Ильдаром звали маминого младшего брата. В отличие от моей мамы, невысокой пухленькой брюнетки, чью национальность с виду определить было довольно сложно, он был типичным татарином, с характерными скулами и разрезом глаз. Тата Римма не то, чтобы имела что-то против Ильдара, но мое сходство с ним означало для нее одно – внучка родилась татаркой. Что скажет на это многочисленная армянская родня, друзья и знакомые? Брак сына с разведенной женщиной другой национальности и даже веры она уже как-то приняла, но ребенок непривычной для всех внешности? «Что делать, татарка так татарка, моя же внучка, наша же кровь!» – всю дорогу успокаивала себя Тата Римма.

Едва войдя в квартиру и наспех поздоровавшись с невесткой, Тата Римма сразу устремилась к детской кроватке, посмотреть на внучку.

Папа подошел к кроватке вместе с ней и расплылся в широкой улыбке в ожидании бурной реакции матери.

Из кроватки на нее своими огромными карими глазами из-под длинных черных ресниц смотрела маленькая девочка, точная копия ее сына в детстве. Даже черные кудряшки, обрамлявшие детское розовое личико, были точь-в-точь как у него. Шелковые.

– Уфффф! – с облегчением выдохнула Тата Римма и ткнула сына в бок: – Да это же наш Гевуш! Это же маленький Гевуш! Какая красавица у нас родилась! Красавица! Наша!

Теперь можно было спокойно разбирать корзины, садиться за стол и отмечать рождение внучки.

Когда приезжала в гости Тата Римма, кухня предоставлялась в ее полное распоряжение. Она сняла пальто, умылась с дороги и пошла доставать гостинцы и хозяйничать.

Глава 3. Дом на Северной улице

Первые четыре месяца моей жизни прошли в старом бревенчатом доме на улице Зеленая. Она и в самом деле была зеленой. По обе стороны улицы стояли небольшие одноэтажные домики, утопавшие в зелени ярких цветов и старых тенистых деревьев. К началу лета вся улица наполнялась ароматом роз и пионов, а к осени была сплошь усыпана желтой и красной листвой.

После отъезда Таты Риммы домой в Ереван жизнь семьи вошла в свою привычную колею. Мама целыми днями хлопотала по хозяйству, папа пропадал на работе, я спала себе в новенькой красивой коляске во дворе под старой яблоней и дышала природой.

А к зиме мы переехали. Позади остались длинные летние ночи: стрекот сверчка, жившего под сенями, крики соседского петуха на рассвете, бревна, уложенные ровной стопкой у стены дома и укрытые брезентом на случай непогоды; тихие осенние вечера: монотонное завывание ветра, стук дождя в окна и треск сухих поленьев в русской печи, скрип половиц деревянного пола под ногами, желтые занавески на окнах, мохнатый плед в желтую и коричневую полоску на кровати, серые алюминиевые ведра с водой из колонки в холодных сенях…

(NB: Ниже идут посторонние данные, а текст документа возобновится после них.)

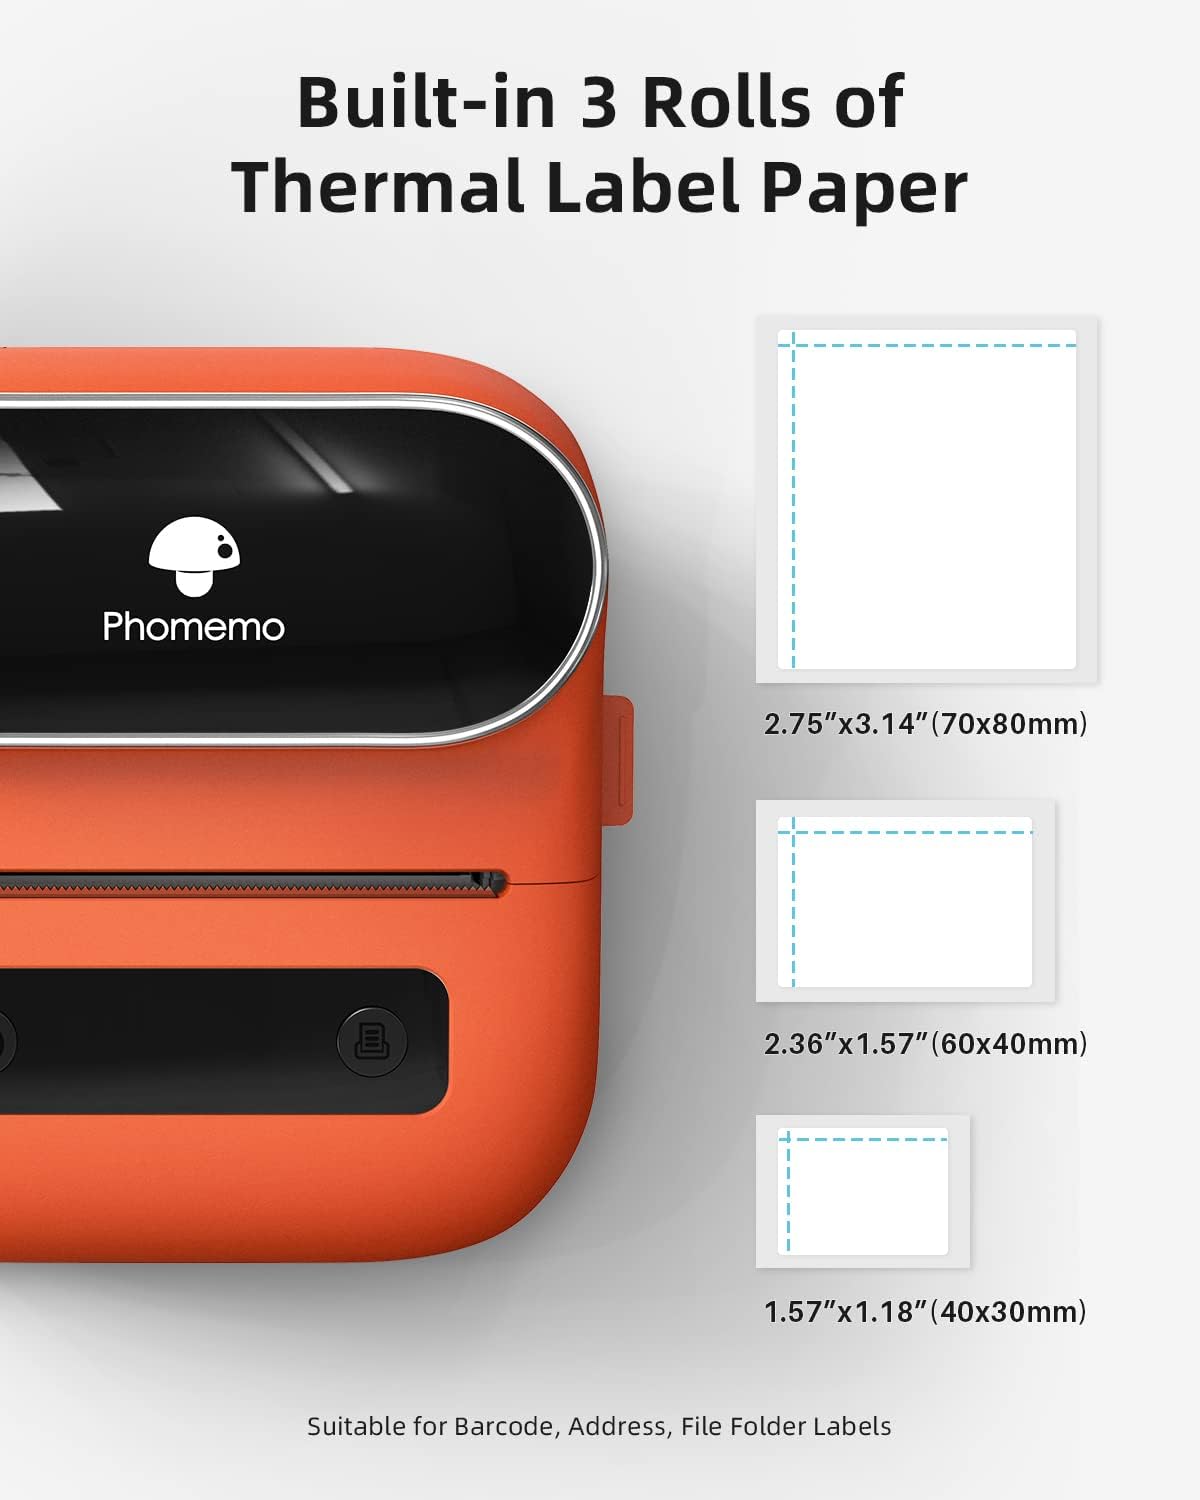 Phomemo M220 Printer Label Maker 3 Inch / Orange

Наша новая современная квартира располагалась на третьем, самом верхнем этаже белого кирпичного дома номер четыре по Северной улице. Мама получила квартиру по очереди и была ужасно рада этому событию. В квартире было три комнаты, кухня, раздельный санузел и даже небольшой балкон. А еще в ней были центральное отопление, горячая вода и канализация. Здесь уже не нужно было носить воду из колодца, рубить дрова, заготавливать их впрок, чтобы топить ими печку с поздней осени и до весны. И в туалет через улицу ходить не нужно. А зимой можно сушить белье прямо на радиаторах! Тогда это называлось одним словом – «удобства», а «квартира с удобствами» считалась непременным атрибутом успешной жизни. Несмотря на то, что вся квартира едва умещалась на сорока квадратных метрах, маме она казалась пиком комфорта.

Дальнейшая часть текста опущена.